@amakinto/aegis-rbac
v1.4.2
Published
Config-driven RBAC engine built on [CASL](https://casl.js.org/). Define roles and permissions once, use everywhere.
Readme
aegis
Config-driven RBAC engine built on CASL. Define roles and permissions once, use everywhere.
Why
Every SaaS project needs authorization, and every team ends up building it differently — scattered if (role === "admin") checks, provider-specific RBAC tied to Clerk/WorkOS/Better Auth, or hand-rolled middleware that's hard to test.

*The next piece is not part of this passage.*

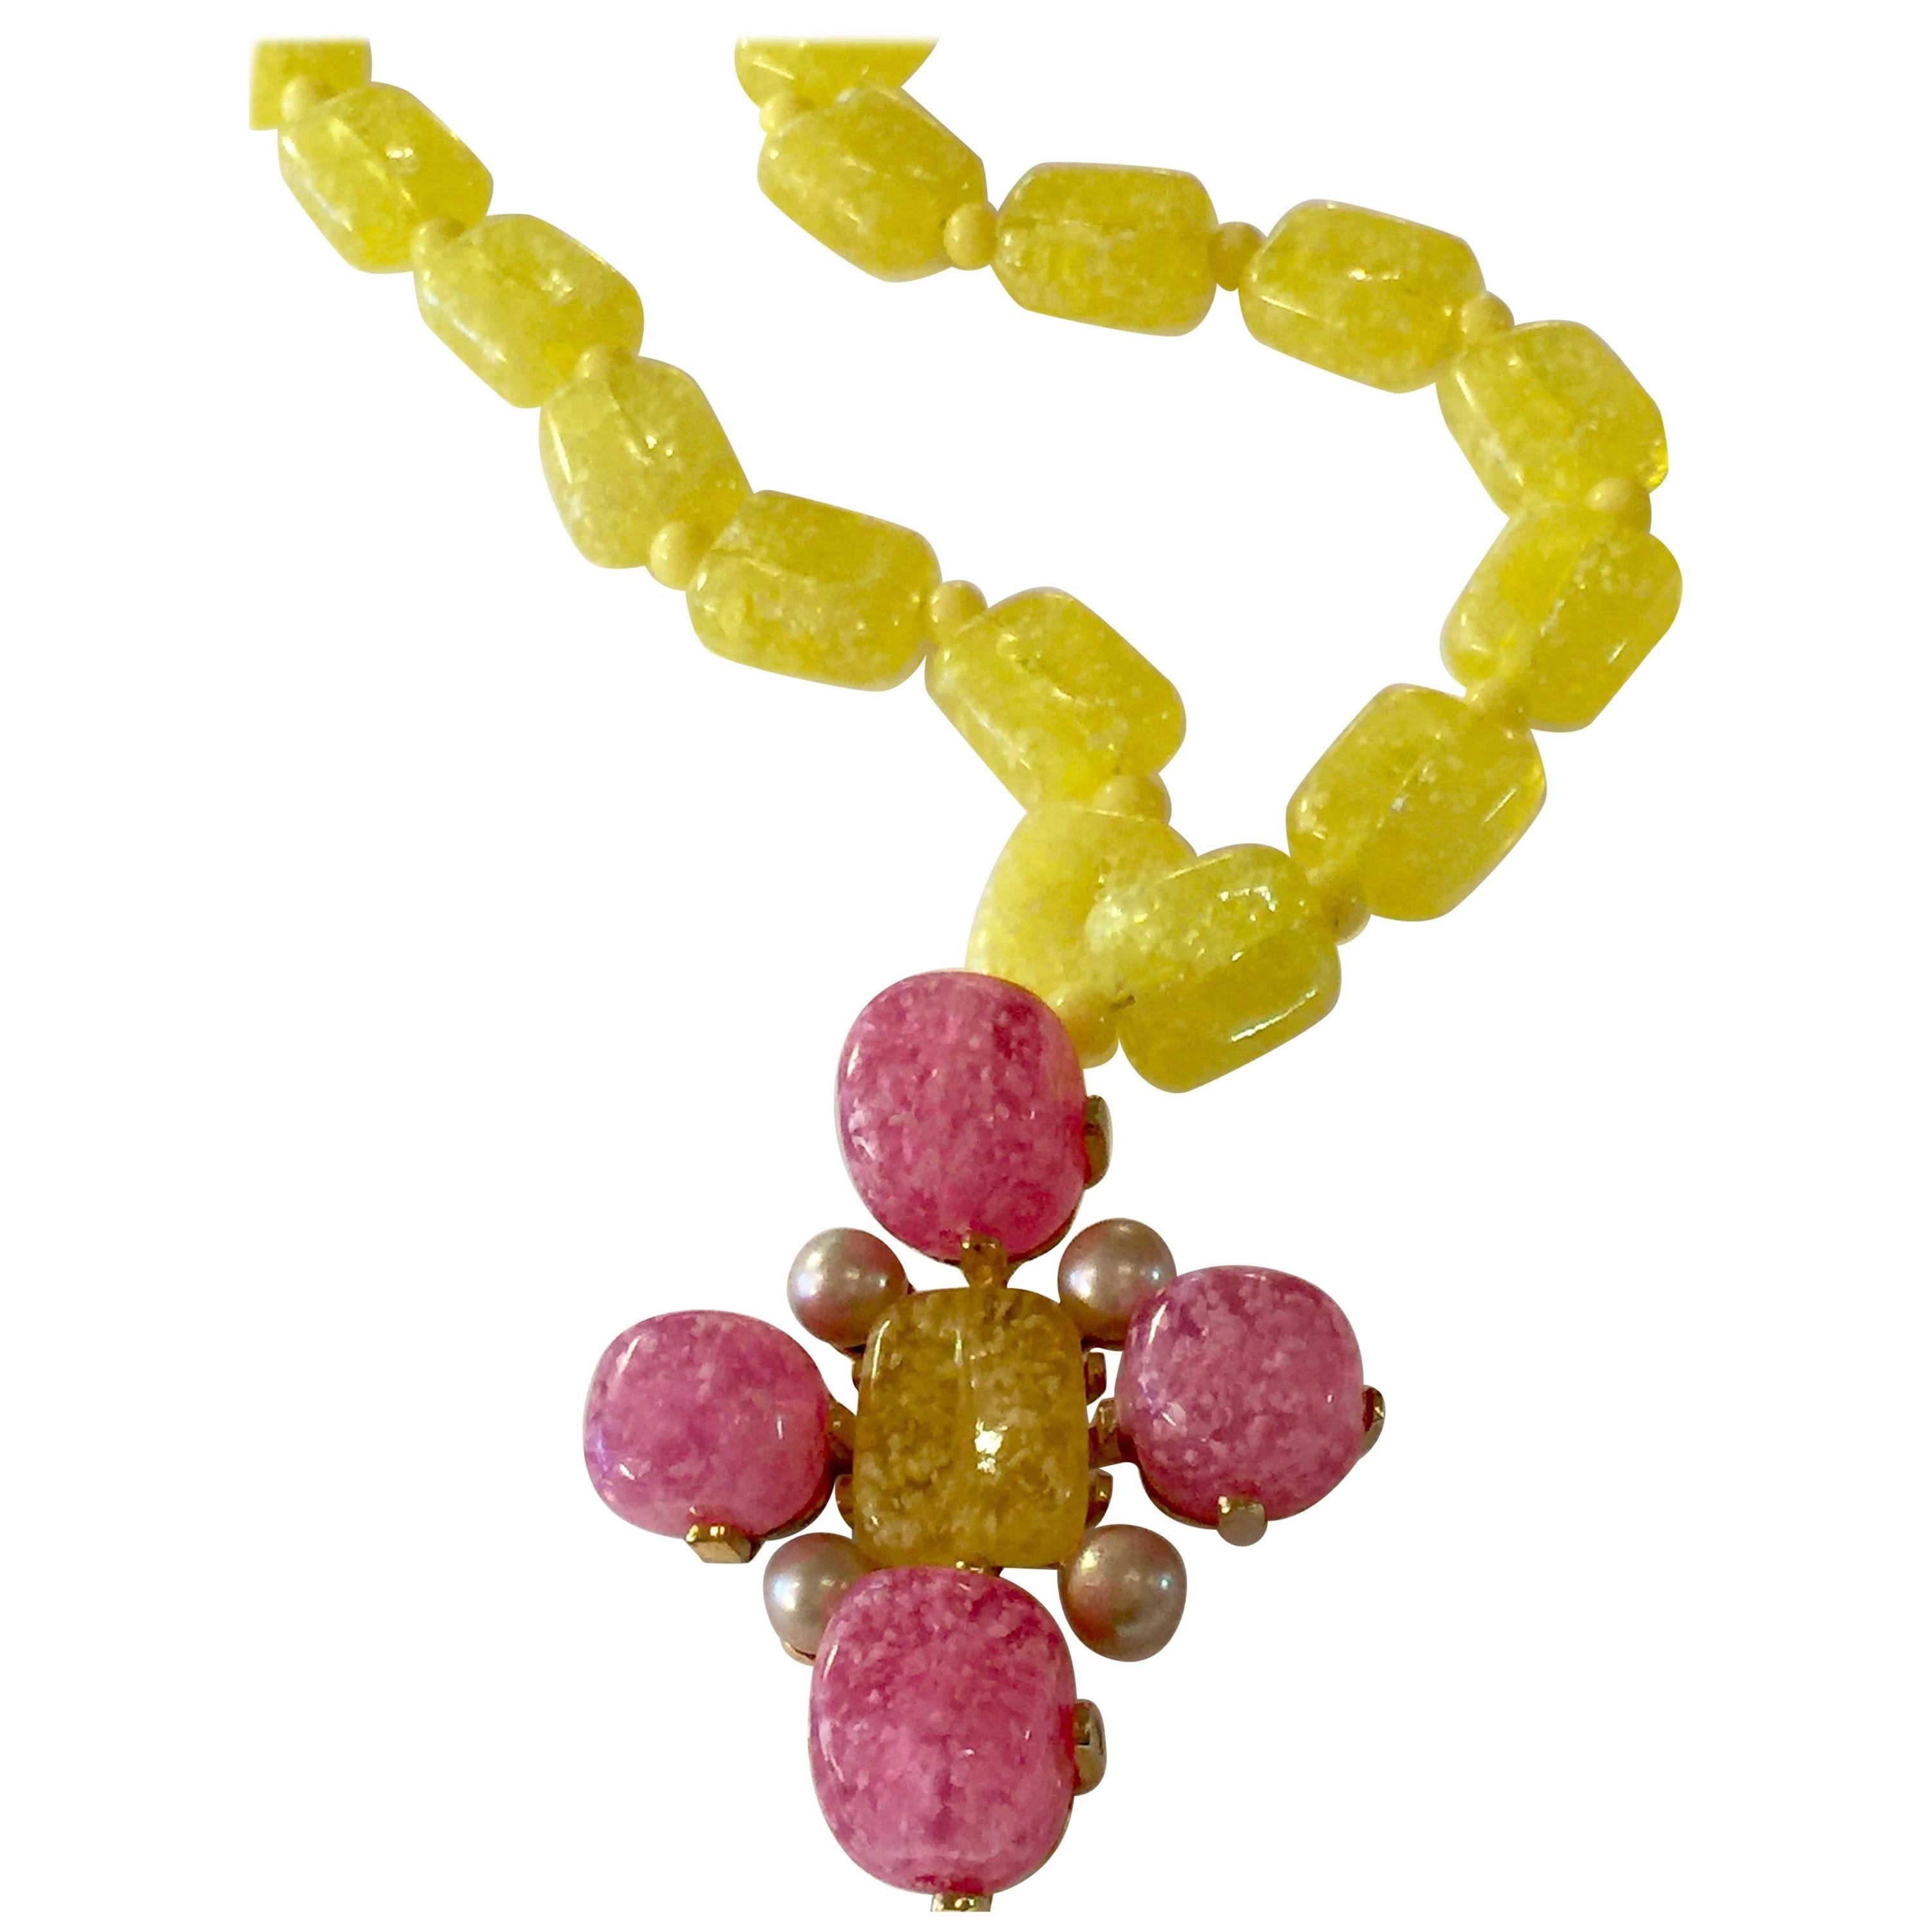  Vrba for Castlecliff Yellow and Pink Composite Resin Pendant Necklace

This package solves that by separating the engine (how permissions are checked) from the config (what roles and permissions exist). The engine is shared across all projects. Each project only provides a config file defining its roles.
What it replaces:
- Per-project role-checking middleware
- Auth-provider-specific RBAC (Clerk roles, WorkOS roles, etc.)
- Ad-hoc permission logic scattered across route handlers
What it does not replace:
- Your auth provider (this is not authentication — it's authorization)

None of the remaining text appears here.